On Friday, January 13, the Supreme Court agreed to consider whether the False Claims Act (“FCA”) covers compliance lapses tied to regulatory interpretations that are incorrect but “objectively reasonable.” The Supreme Court granted petitions for writs of certiorari in two cases, United States ex rel. Schutte v. SuperValu, Inc. and United States ex rel. Proctor v. Safeway, Inc., which will be consolidated and set for oral argument.
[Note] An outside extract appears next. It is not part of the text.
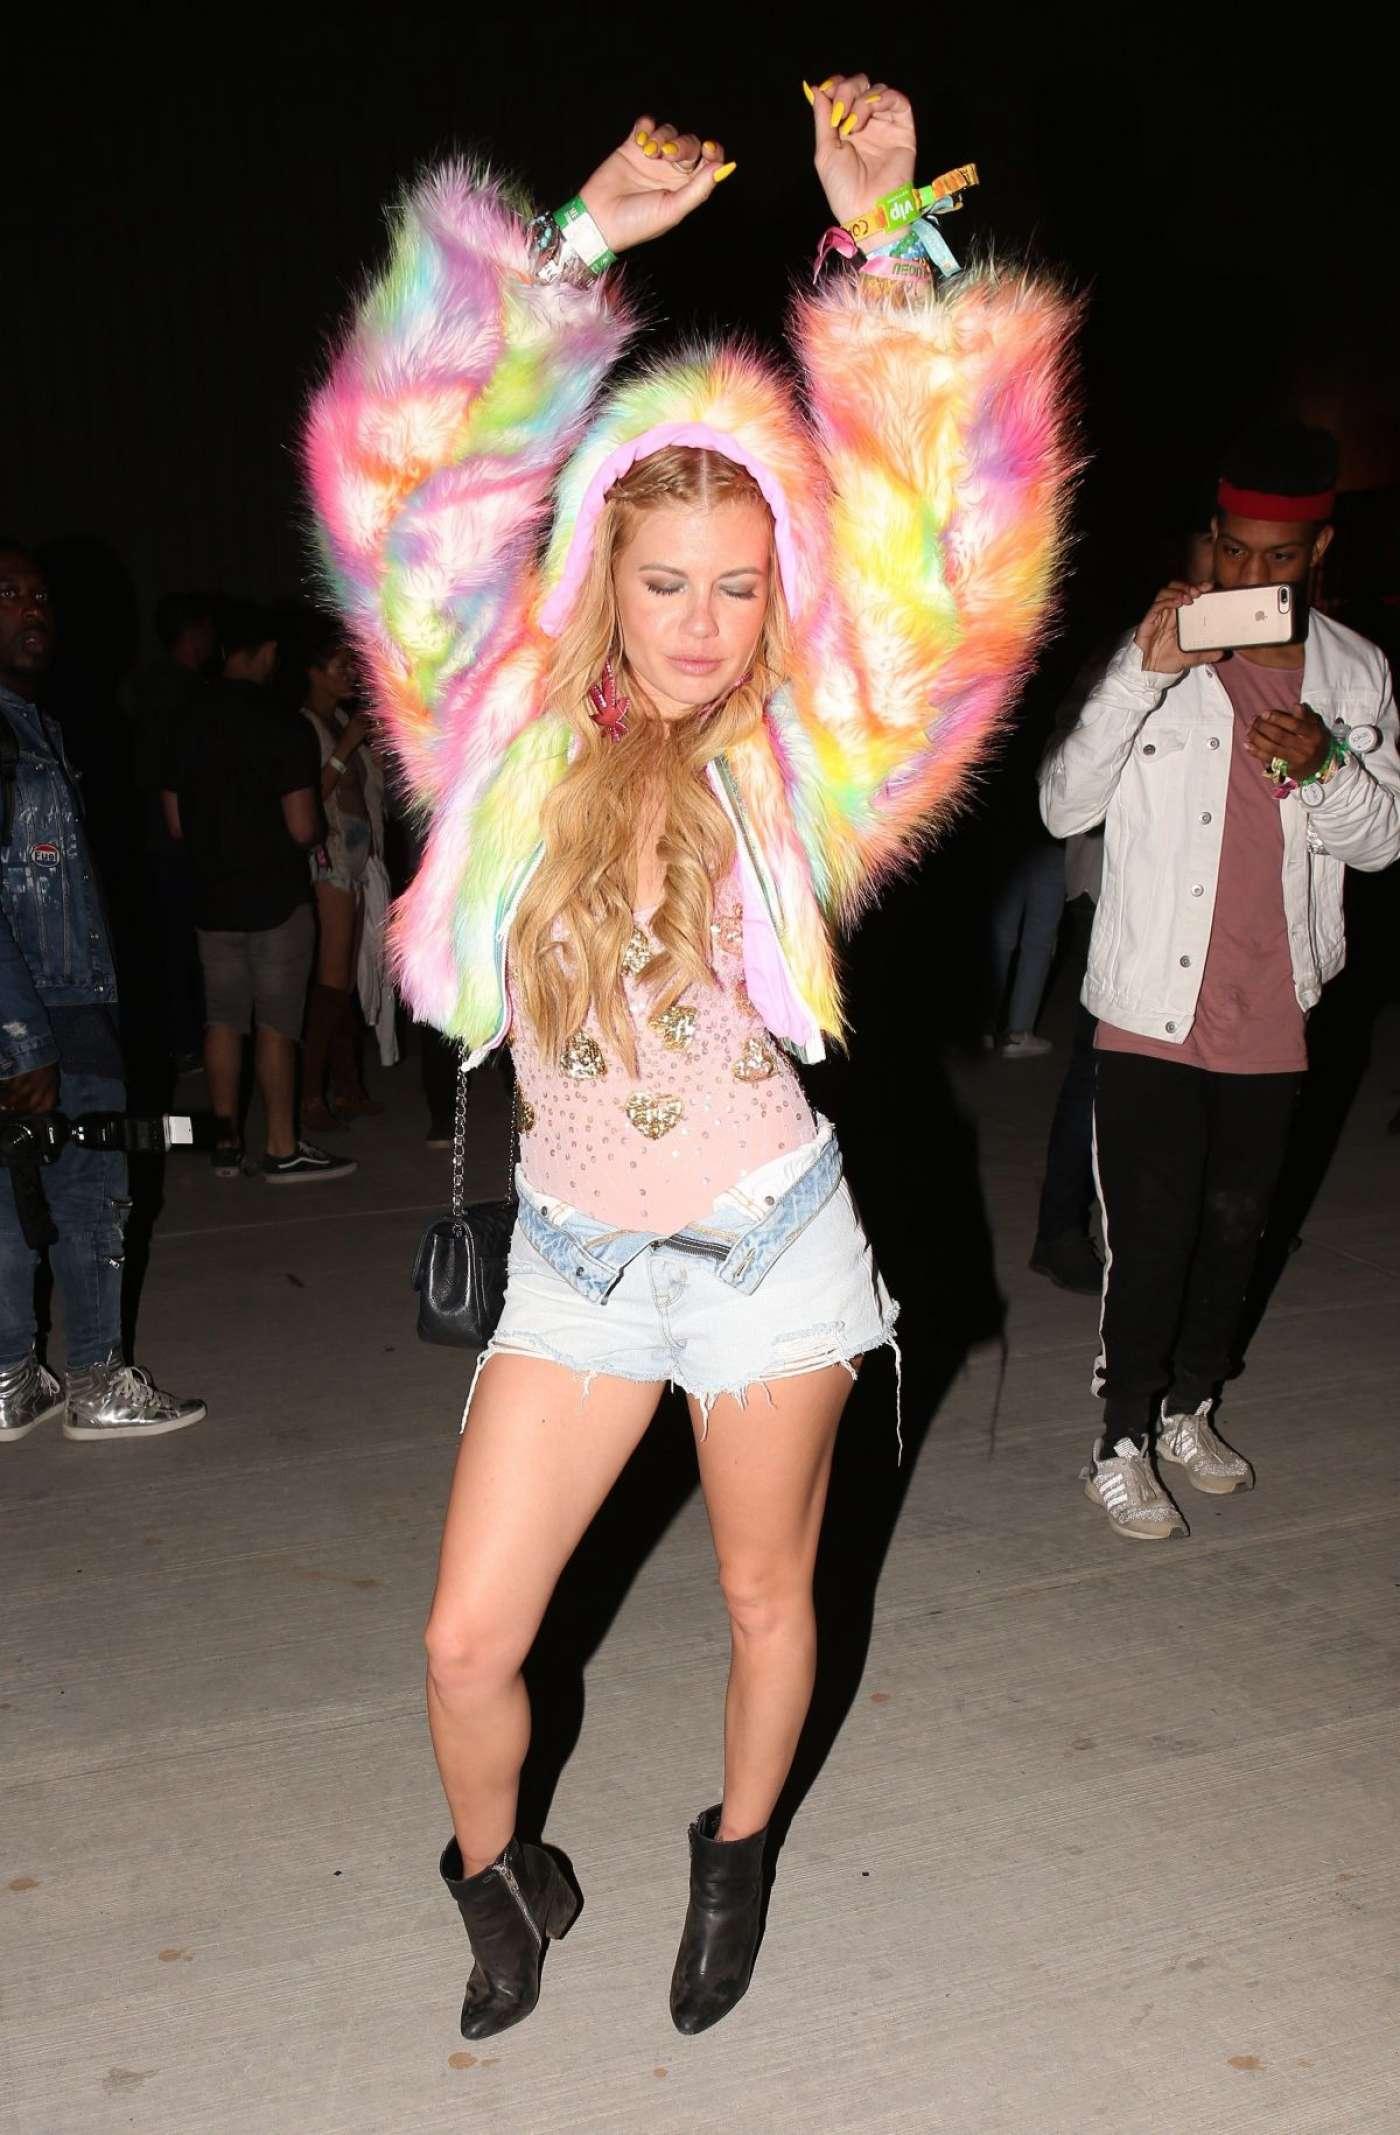 Chanel West Coast Neon Carnival Held At 2017 Coachella

The Supreme Court’s decision in the cases should resolve a circuit split over the role of a defendant’s subjective intent in determining scienter.
The FCA imposes liability on any person who “knowingly presents, or causes to be presented, a false or fraudulent claim for payment” to the government, or who “knowingly makes, uses, or causes to be made or used” a “false statement” material to such a claim.31 U.S.C. § 3729(a)(1)(A) and (B). The Act defines “knowingly” to mean that a person (i) “has actual knowledge of the information”; (ii) “acts in deliberate ignorance of the truth or falsity of the information”; or (iii) “acts in reckless disregard of the truth or falsity of the information.”31 U.S.C. § 3729(b)(1)(A).
In applying the statute’s knowledge requirements, several circuits follow the Supreme Court’s standard in Safeco Insurance Co. v. Burr,551 U.S. 47 (2007), a Fair Credit Reporting Act case holding that a defendant does not have the necessary scienter, and has not acted with “reckless disregard,” if its conduct is consistent with an “objectively reasonable” interpretation of an unclear law or regulation and there is no “authoritative guidance” to the contrary. This has become known as the “clever lawyer” defense because the defendant’s subjective beliefs are irrelevant if the defendant’s lawyers can later show that its conduct was consistent with an objectively reasonable—albeit erroneous—interpretation of the law.
In United States ex rel. Schutte v. SuperValu Inc., two pharmacists alleged that SuperValu knowingly misrepresented its pricing for generic drugs in order to overbill Medicare and Medicaid. SuperValu successfully argued before the Seventh Circuit that, even if it overbilled, it did not have the intent to violate the FCA because its pricing was based on an “objectively reasonable” determination of “usual and customary” pricing. The dissent argued that this standard creates a “safe harbor for deliberate or reckless fraudsters whose lawyers can concoct a post hoc legal rationale that can pass a laugh test.” Pointing to a four-to-four circuit split, the pharmacists sought certiorari, asserting that other circuits apply a subjective standard to determine whether a defendant actually knew or should have known that it was committing an FCA violation.
In response to a request by the Supreme Court, the Solicitor General filed a brief in December 2022, supporting the pharmacists and urging the Court to grant certiorari and reverse the Seventh Circuit’s “objectively reasonable” standard. The government stated that it is impossible to preemptively address every potential ambiguity in government programs, and that government contractors must approach ambiguities in good faith, follow what they understand to be the best interpretation, and seek clarification when necessary.
This will be the second FCA case before the Court this term.As we previously discussed, in United States ex rel. Polansky v. Executive Health Resources Inc.,the Supreme Court is hearing a case that should resolve a circuit split over whether and under what circumstances the government can invoke its authority to dismiss qui tam cases pursuant to 31 U.S.C. § 3730(c)(2)(A) when it initially declined intervention. The Court’s decision in SuperValu is likely to have even broader significance, perhaps doing for the FCA’s scienter standard what the Court’s landmark decision in Universal Health Servs., Inc. v. United States ex rel. Escobar, 136 S. Ct. 1989 (2016), did for the statute’s materiality standard.
Decisions in both SuperValu and Polansky are expected by July.